Leave out the pictures and reproduce all of the data exactly.

Given material »
*** Begin section ***

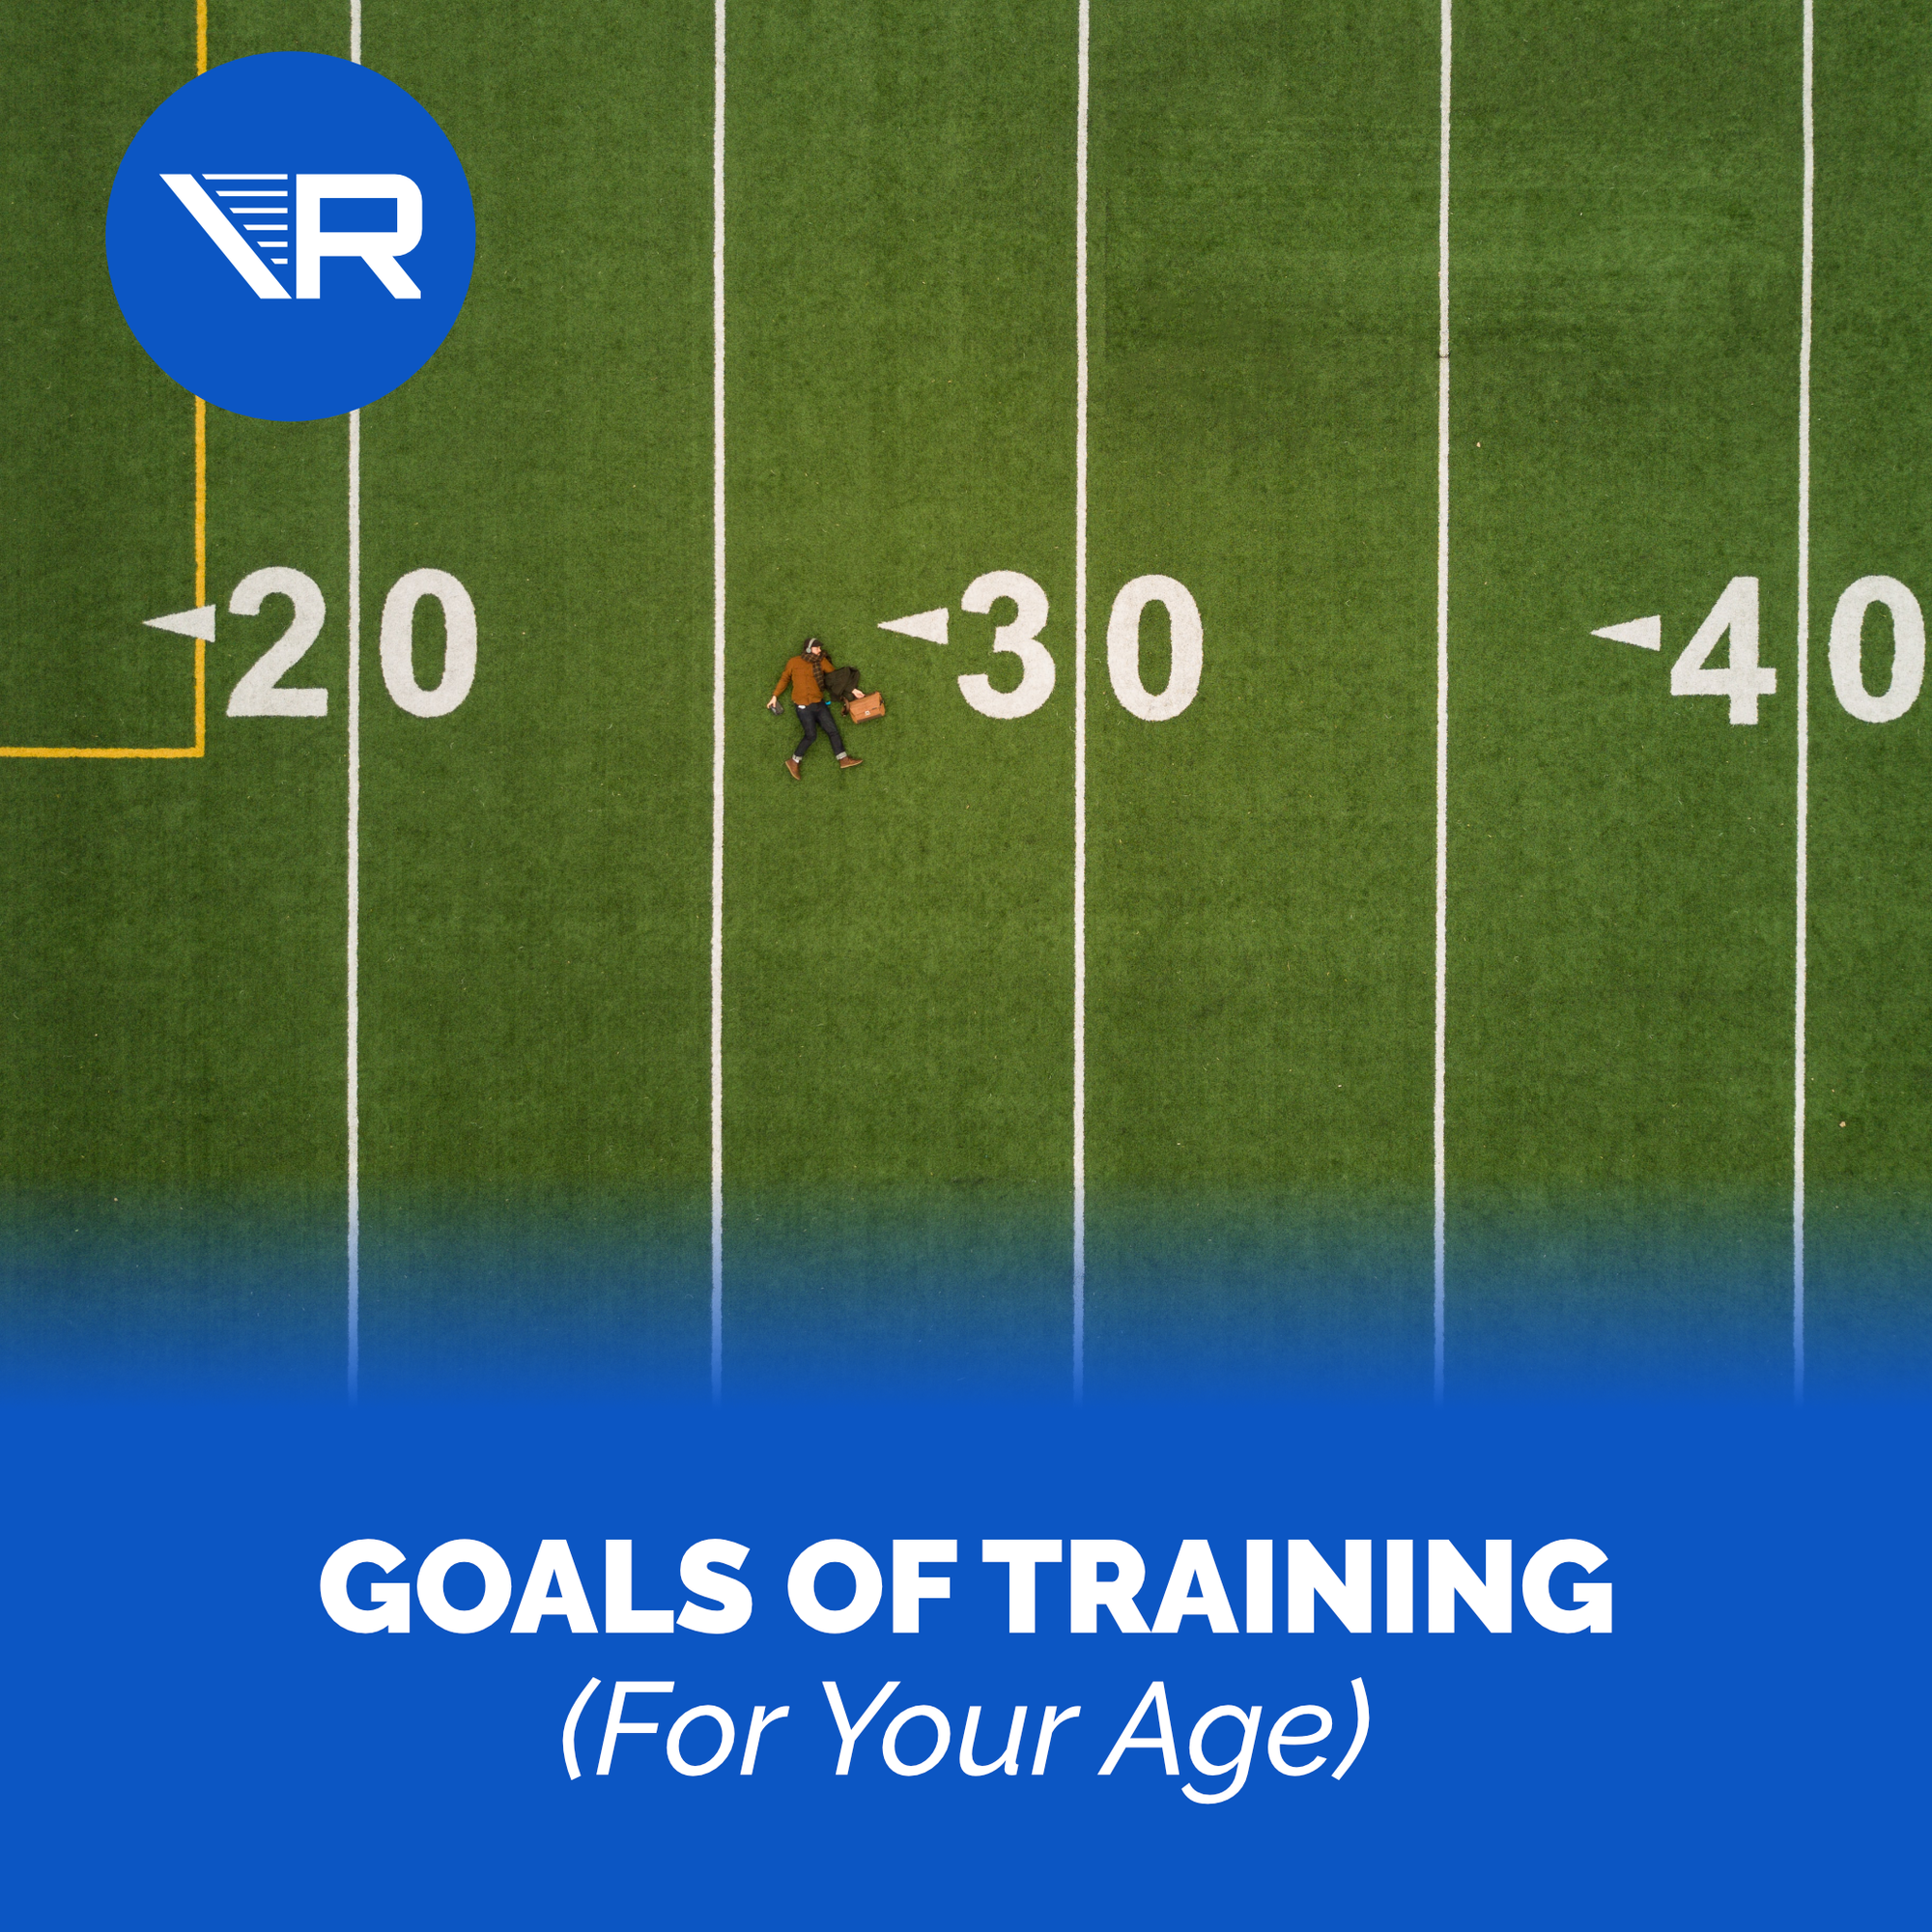 How to Set Training Goals Depending on Age
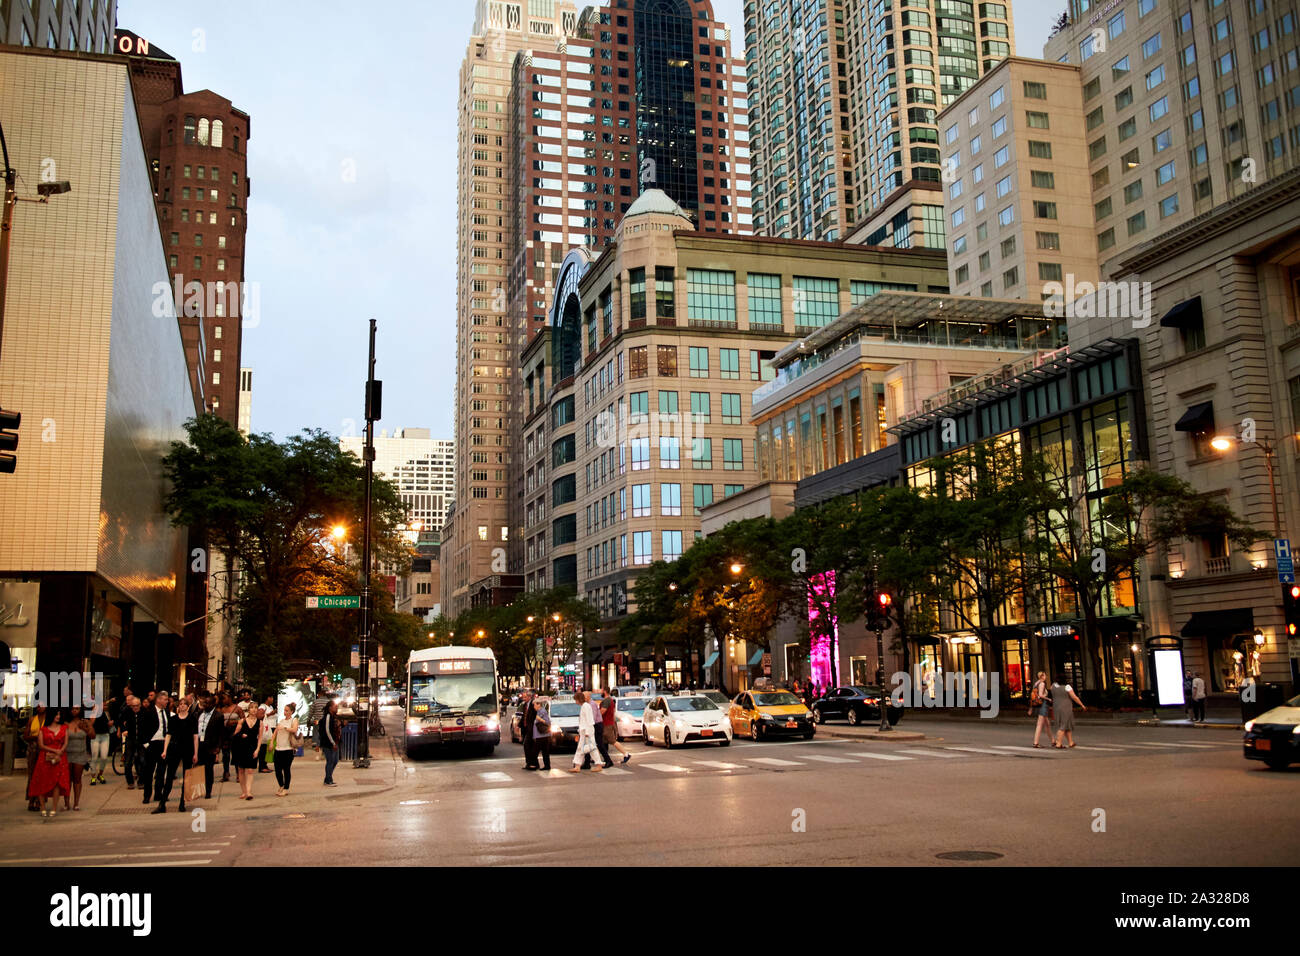 looking along magnificent mile from water tower place at dusk in chicago illinois united states of america Stock Photo
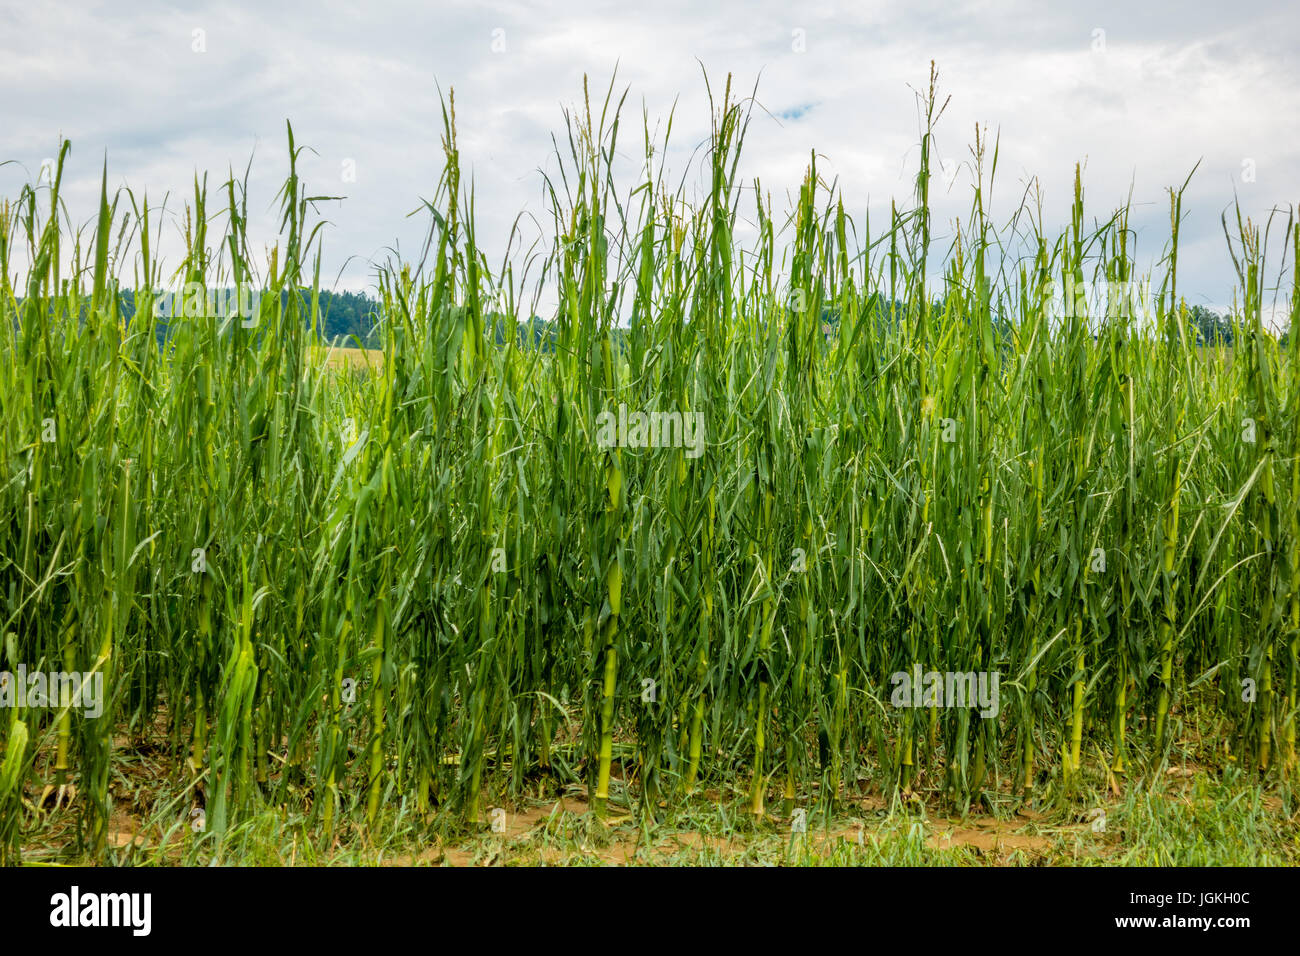 Corn field severly damaged in heavy storm with hail, crops ruined, corn leaves shredded by hail and lying on ground Stock Photo
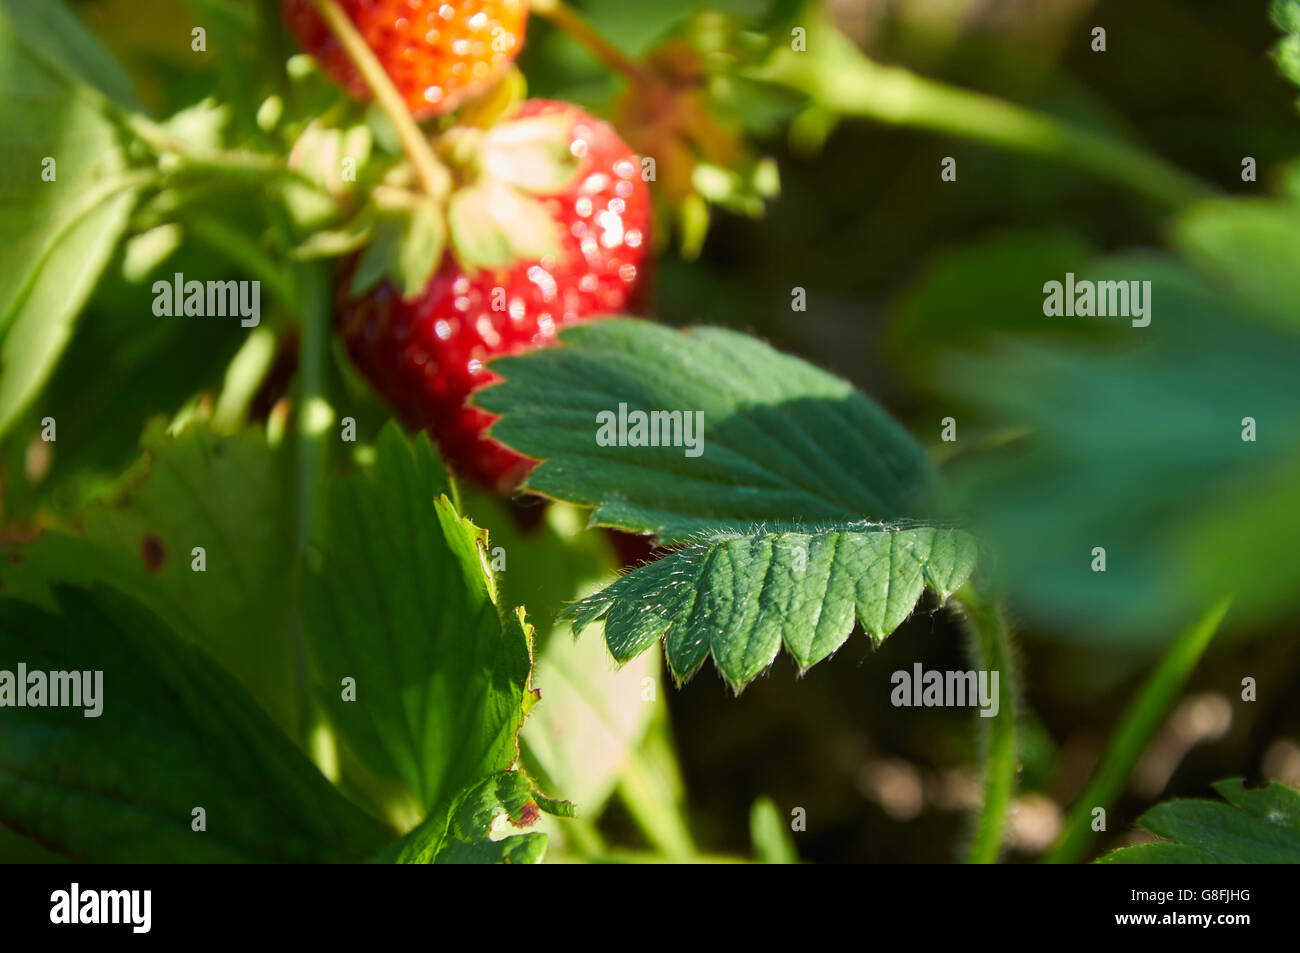 Close-up photo of strawberry leaf in evening light Stock Photo

*** End section ***

Written answer »
 How to Set Training Goals Depending on Age
 looking along magnificent mile from water tower place at dusk in chicago illinois united states of america Stock Photo
 Corn field severly damaged in heavy storm with hail, crops ruined, corn leaves shredded by hail and lying on ground Stock Photo
 Close-up photo of strawberry leaf in evening light Stock Photo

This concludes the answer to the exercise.